People have gone all over the world to answer one particular question and that is whether or not our languages shape the way individuals think. Linguistic experts, in particular, have been paying close attention to this question since the 40s, coming up with the concept of linguistic relativity. If you were to speak French, you may start to think more fashionable than before whereas if you started speaking Swedish, you may just start feeling really good about taxation all of a sudden. You know, we joke, but basically, that is what linguistic relativity is all about.
Linguistic Relativity: Sapir-Whorf Theory
A linguistic expert named Benjamin Lee Whorf studied an African American language that was locally spoken in northeastern Arizona called Hopi. In his studies, Whorf found out that people who speak Hopi perceive the world differently than the people who natively speak English, due to the differences that are present in both languages. The very principle of linguistic relativity is also referred to as Sapir-Whorf hypothesis or Whorfianism.
Language and Thoughts
Linguistic relativity implies that language does affect the way we think. Whorf wrote an essay in the 40s, one that was greatly influenced by Einsteinian physics. In this study, Whorf simply deduced that with the help of altered physical evidence, many individual observers have a different view of the world that we all see. The only way that this can be different, and their view can become a common one, is if they all collectively speak one native language.
Native Languages and Their Differences
There is a language spoken in North Queensland of Australia called Guugu Timithirr that doesn’t contain words like left, right, front or back. As an alternative, native speakers of this language use words such as east, west, south, and north to describe locations. Suppose you speak this language and you are standing in front of a house. In this hypothetical, you will not use the word front. You will describe yourself as standing east of the house.
This begs the question of whether it is the language that has affected our way of thinking or if it has been our culture. Perhaps it has been both. When mixed together, there are thousands of different outcomes and not all of them share the same view of the world.

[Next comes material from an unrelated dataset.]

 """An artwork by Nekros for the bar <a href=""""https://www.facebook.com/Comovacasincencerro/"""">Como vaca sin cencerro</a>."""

This problem of language isn’t only restricted to words but rather, it goes beyond it and also holds forms of verbs responsible. Present or past verb tenses describe to us what has happened. Like whether Mary walks or Mary walked. The previously mentioned language called Hopi doesn’t work like that. Instead, the verbs in this language work more in a way that describes how the speaker obtained the knowledge. Hopi has terms that allow the speaker to narrate first-hand knowledge. English speakers may even use this in a way and say I observed as Mary walked but there is no rule in the English language that requires this.

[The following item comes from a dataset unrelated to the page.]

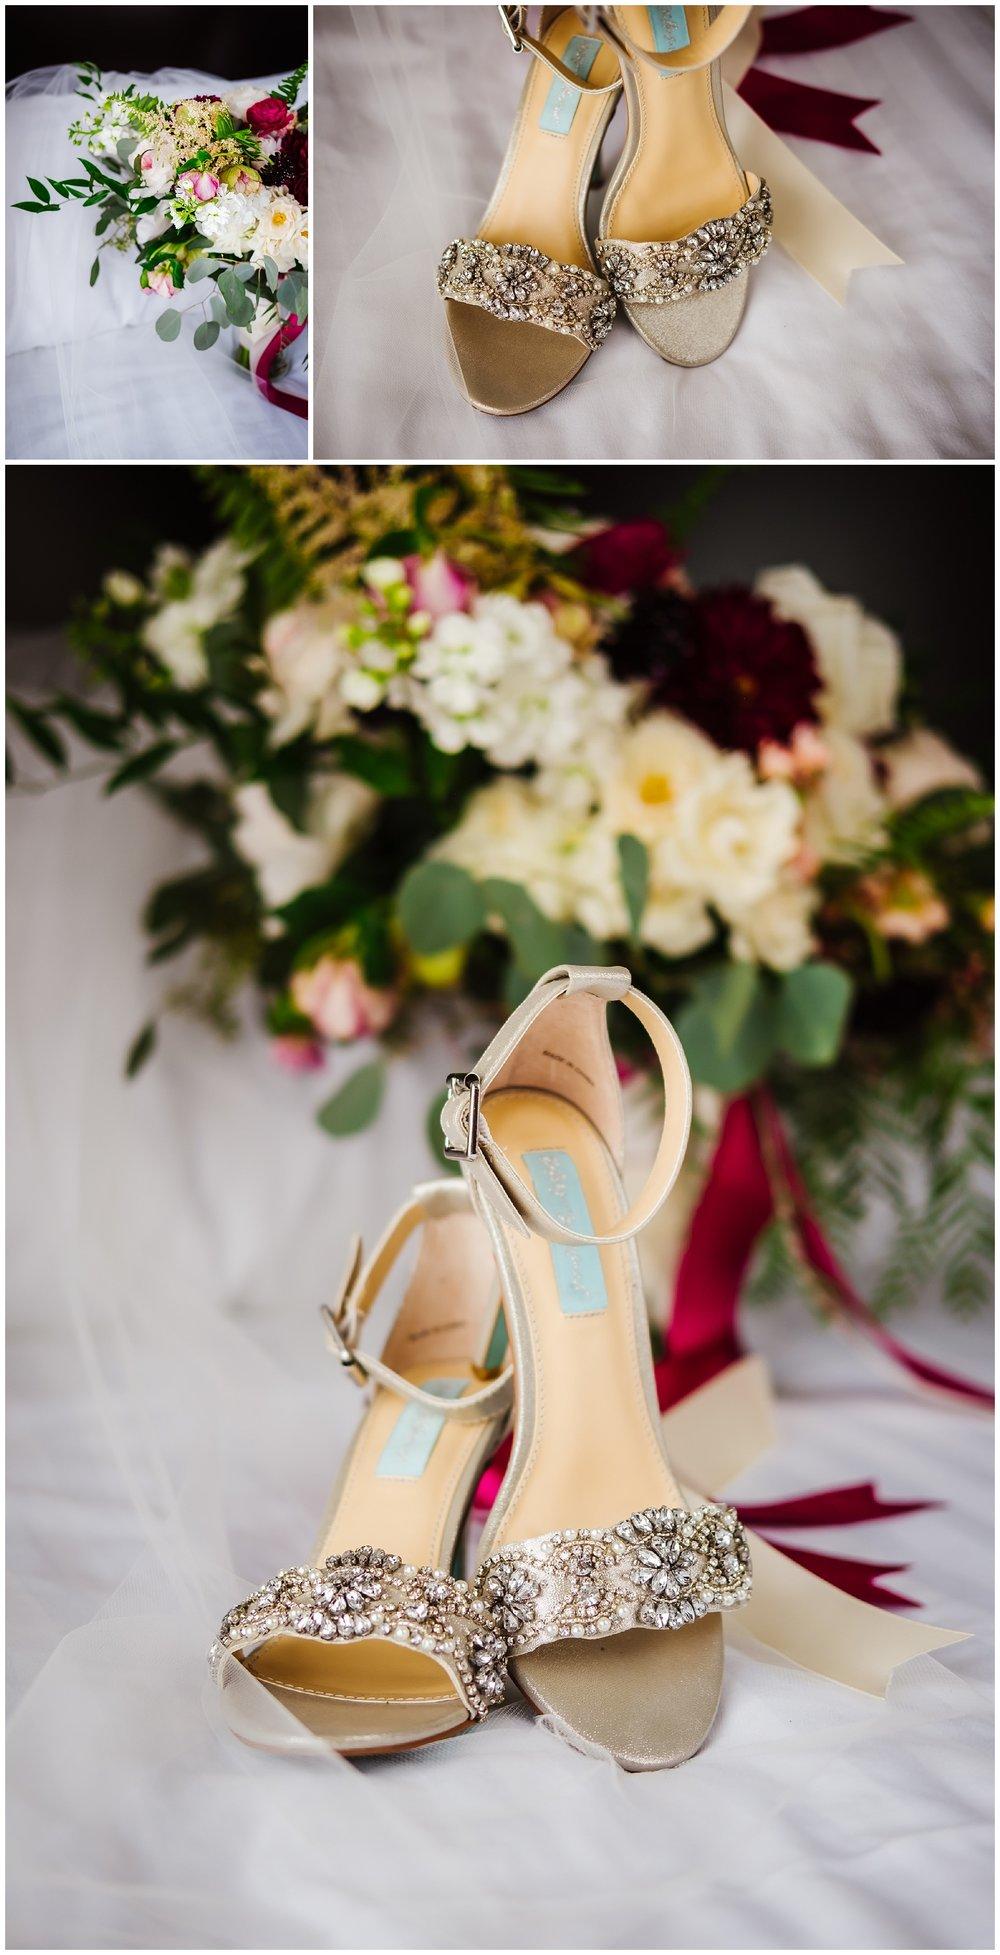 tampa-wedding-photographer-philipino-colorful-woods-ballroom-church-mass_0004.jpg

Language is Not The Only Factor
Even though language is the dominant factor that influences thoughts, as identified by the principle of linguistic relativity, it is not the only one. While people may think in language, they also think in the form of mental images and sensations that would be too difficult to be put into words, regardless of the language. What language essentially does is that it describes a feeling in a way that can be understood by others since they can’t feel what you have felt. Suppose you are reminiscing listening to your mother play piano when you were a child. In order to explain this to someone, you will use words of a language. But say, you speak English and the person in front of you speaks Hopi, then many meanings will get lost in translation and the other person won’t fully understand the bigger picture that you are trying to convey.
Being bilingual, however, changes the entire game. Understanding one language, say English, can give you a whole new perspective on learning and speaking another language that isn’t native to you. This is how you may be able to better convey the bigger picture, which is something a unilingual may find hard to do.